__Assignment__:
Output word for word the lines from the one with "Vichy Homme Clinical" to the final line of the data, both ends included, but skip the pictures.

__Given information__:
====

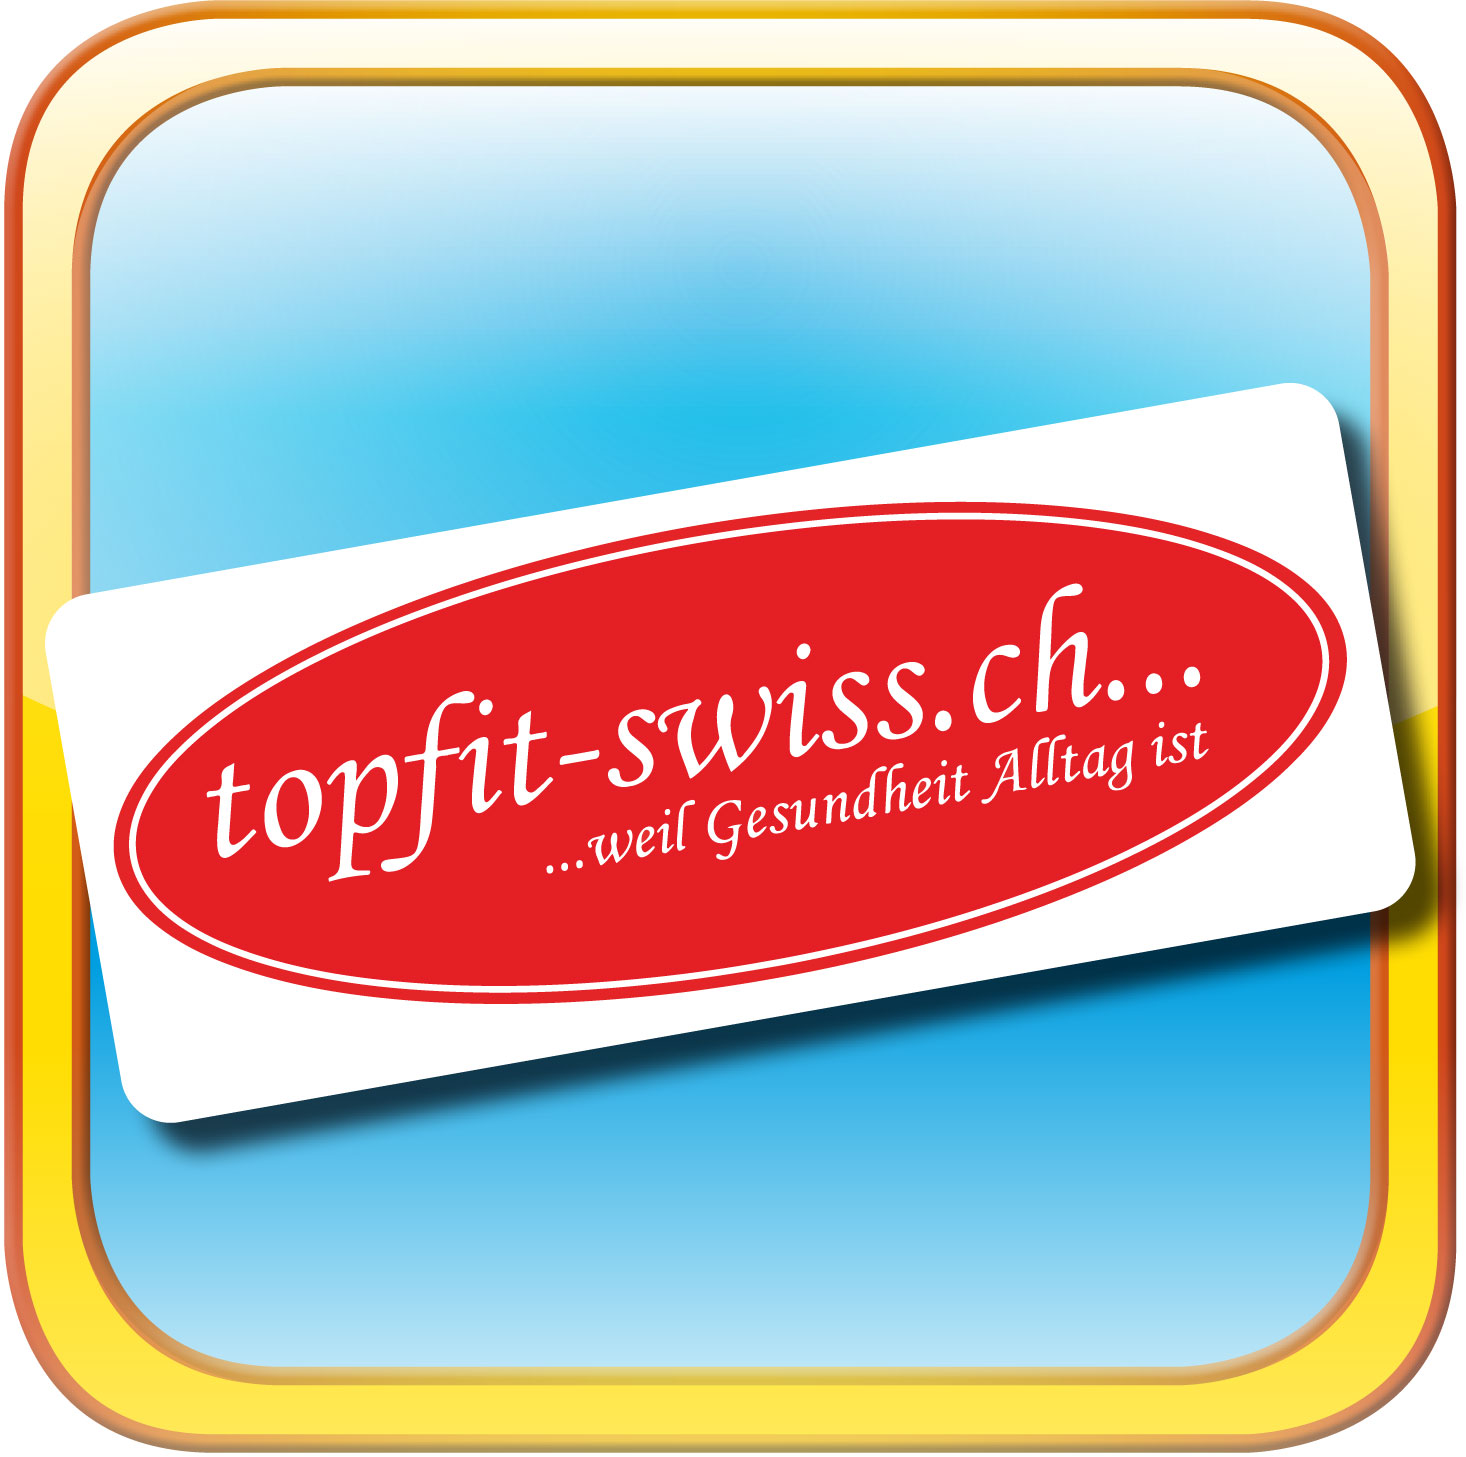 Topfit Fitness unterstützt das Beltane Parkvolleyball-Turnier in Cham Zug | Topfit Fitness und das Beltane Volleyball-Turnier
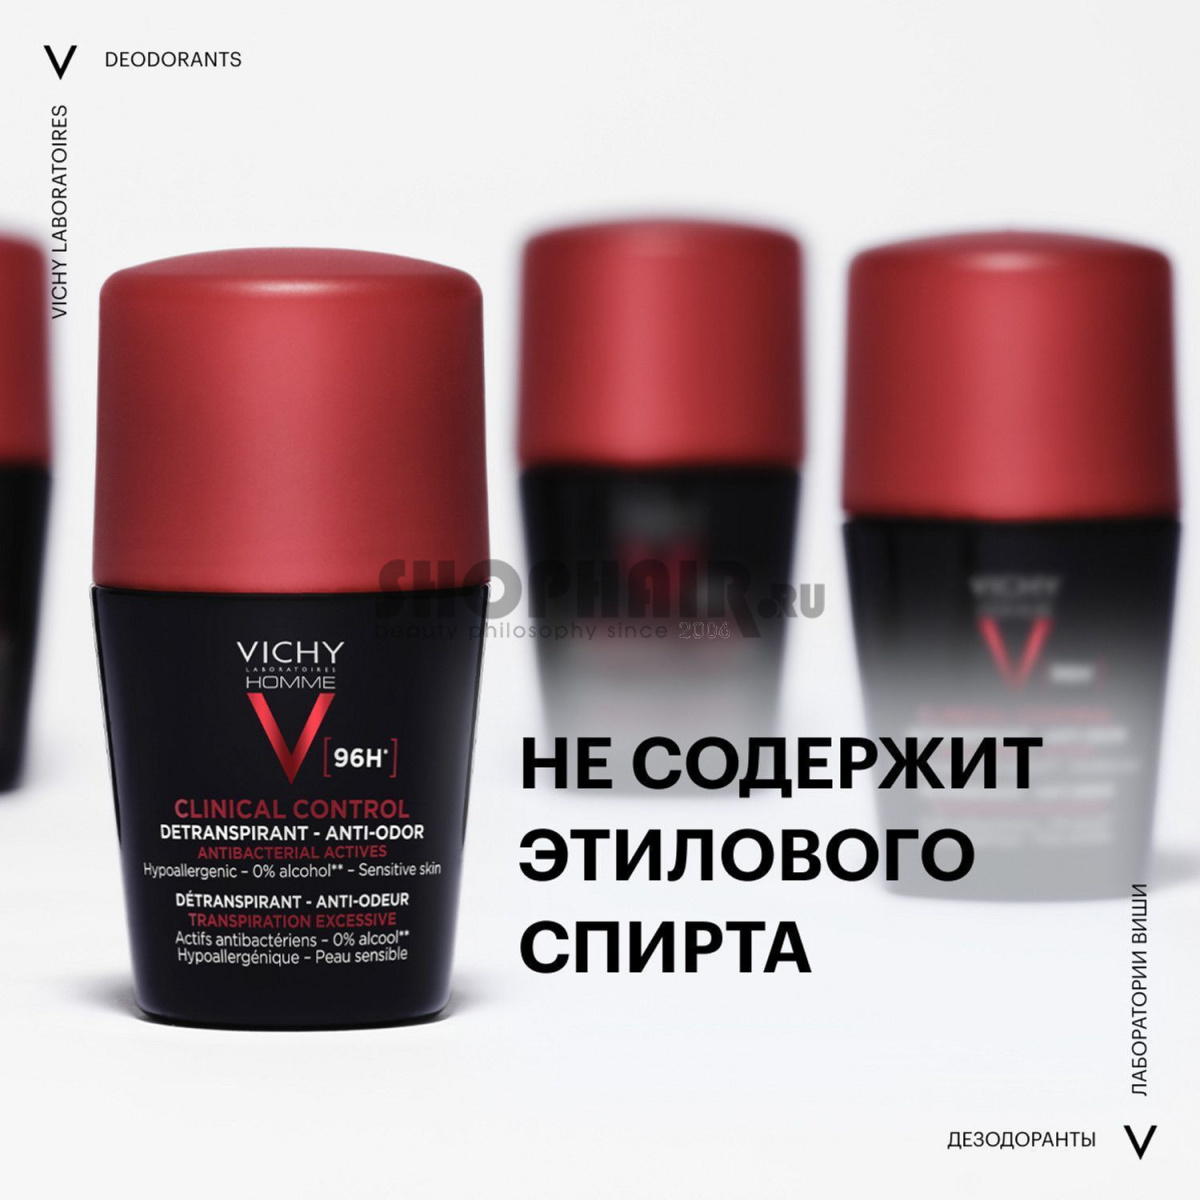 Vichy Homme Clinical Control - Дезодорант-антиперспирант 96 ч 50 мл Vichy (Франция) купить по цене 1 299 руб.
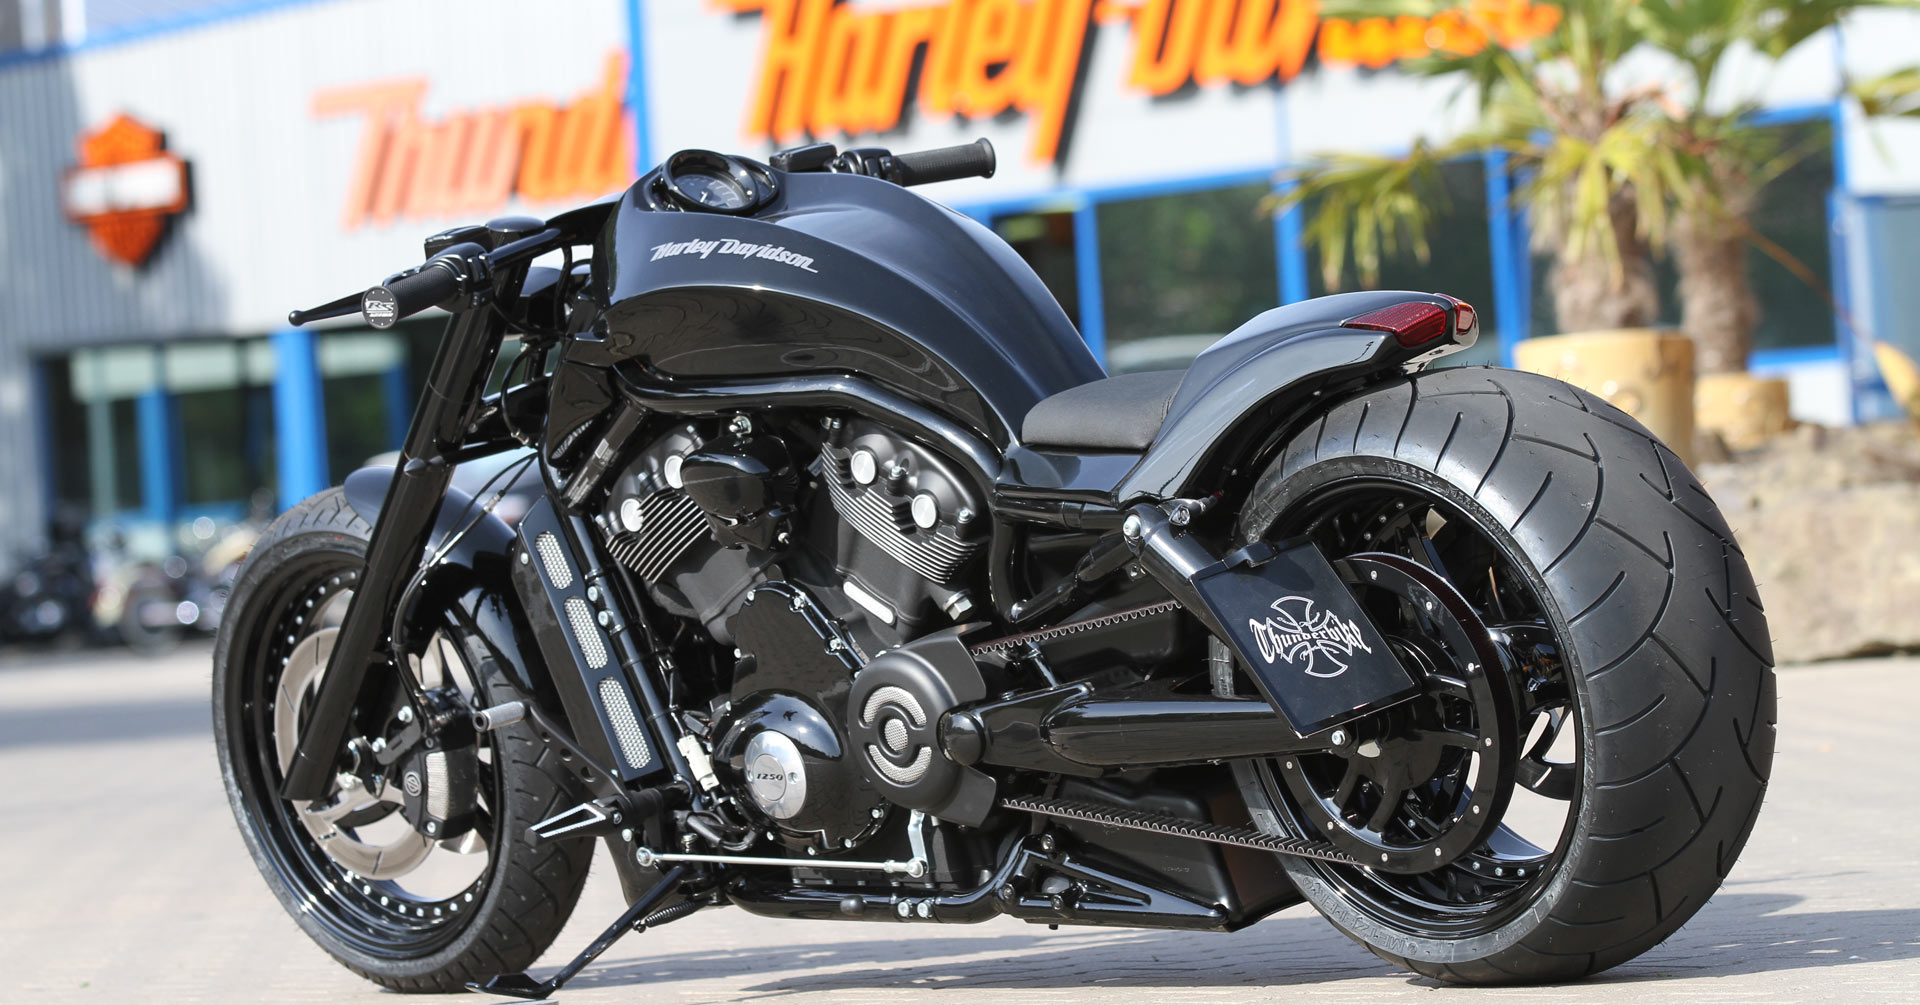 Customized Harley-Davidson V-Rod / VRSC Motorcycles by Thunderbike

====

__Solution to this task__:
 Vichy Homme Clinical Control - Дезодорант-антиперспирант 96 ч 50 мл Vichy (Франция) купить по цене 1 299 руб.
 Customized Harley-Davidson V-Rod / VRSC Motorcycles by Thunderbike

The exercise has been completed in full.